Turkey, which is allied with some rebel groups opposed to Syrian President Bashar al-Assad, is in control of the area where the explosion occurred.

“Turkey appears to be trying to push forward, either to conquer new territory for itself and its Syrian rebel allies, like it did in October 2019, or to force the Syrian Democratic Forces and the Americans to hand over more Kurdish-controlled territory to the Russians and the Syrian army,” said Lund.

Former US President Donald Trump ordered the pullout in 2019 of American military forces on the ground in Syria, leaving Washington’s Kurdish allies alone to fend for themselves. The Kurds have been a key partner and its fighters have been instrumental in the US-backed military campaign against the Islamic State organization.

Unlike the previous US administration, the new Biden White House doesn’t see eye to eye with Turkey and Russia on Syria, and that the Americans are eying a comeback in Syria, with greater force, Hitto says

“It’s too soon to say that the Americans are the ones who are turning a blind eye to the attacks that are being planned” in areas controlled by the Americans or by their ally, the Kurds, according to Hitto. He said that there are many actors in the YPG-controlled areas other than the Americans including the Russians, some Arab countries, the Assad regime, Iran and locals.

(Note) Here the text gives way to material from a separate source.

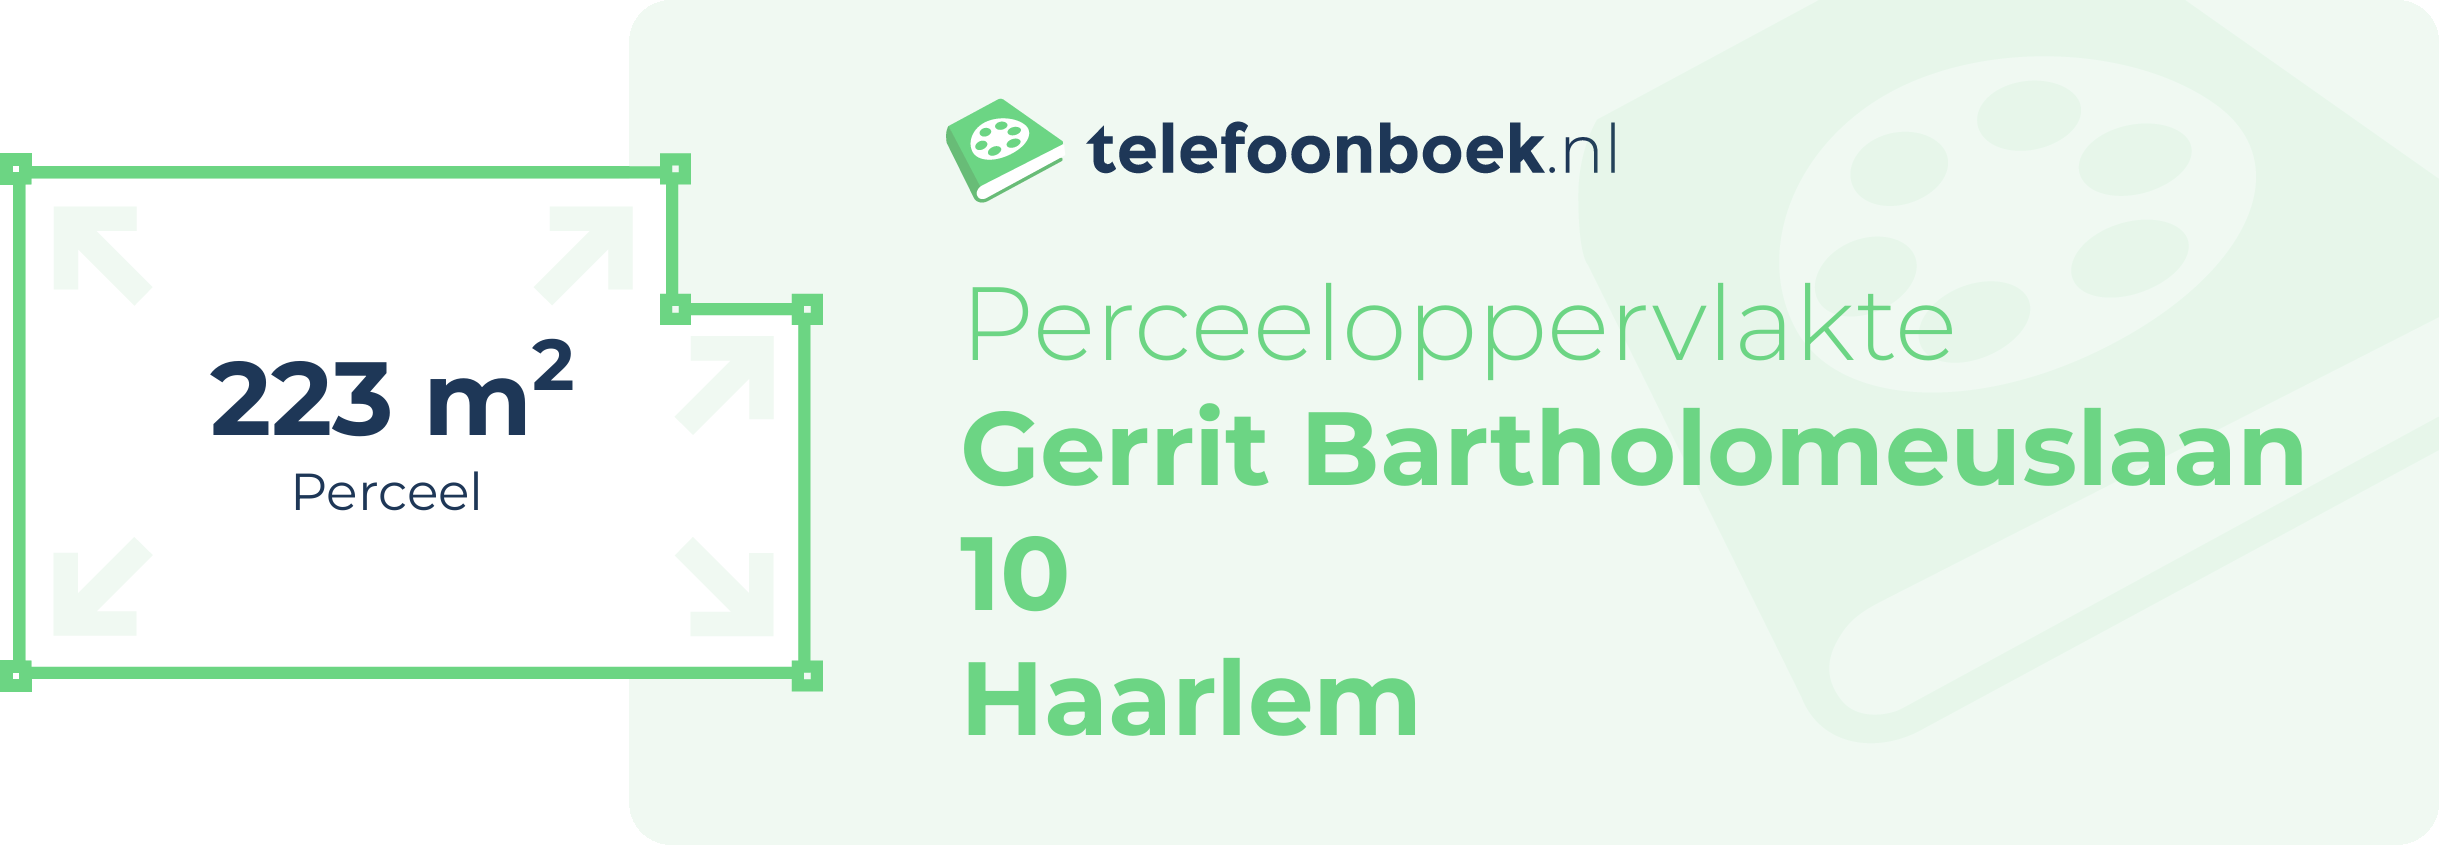 Perceeloppervlakte Gerrit Bartholomeuslaan 10 Haarlem

“The Syrian and Russian governments may see an opportunity to make the US presence more costly and awkward, by stirring up local conflict and undercutting the independence of the Syrian Democratic Forces,” said Lund.

Meanwhile, in northeast Syria, tension has been on the rise between Kurdish security forces and Syrian government supporters. On Sunday, the Kurdish forces opened fire at pro-government protesters, killing one person and wounding several others.

Damascus and the Kurds have avoided military confrontations and have been able to get along for the most part during nearly a decade of conflict.

Syria’s Kurdish minority with its armed groups control a large swath of the northeast of the war-torn country, but government forces are stationed there, including in the main regional cities of Hasakeh and Qamishli. Lund says the northeast part of Syria has seen a “sharp deterioration in mixed cities like Qamishli and Hasakeh, where the Syrian Democratic Forces have overall control and rule all Kurdish regions, but pro-government militias remain based in Arab enclaves and the government retains control over many important institutions.”

Lund says this tension “plays out along Kurdish-Arab lines, and there is certainly an ethnic element to it, but there are political and economic interests at stake.” The Kurds in Syria have built up their own semi-autonomous authorities in the northeast of the country during the civil war, although some state institutions remain.

Syria’s civil war, which began in 2011, has killed more than 387,000 people and displaced millions. Assad’s forces have used an iron fist to quell anti-government protests.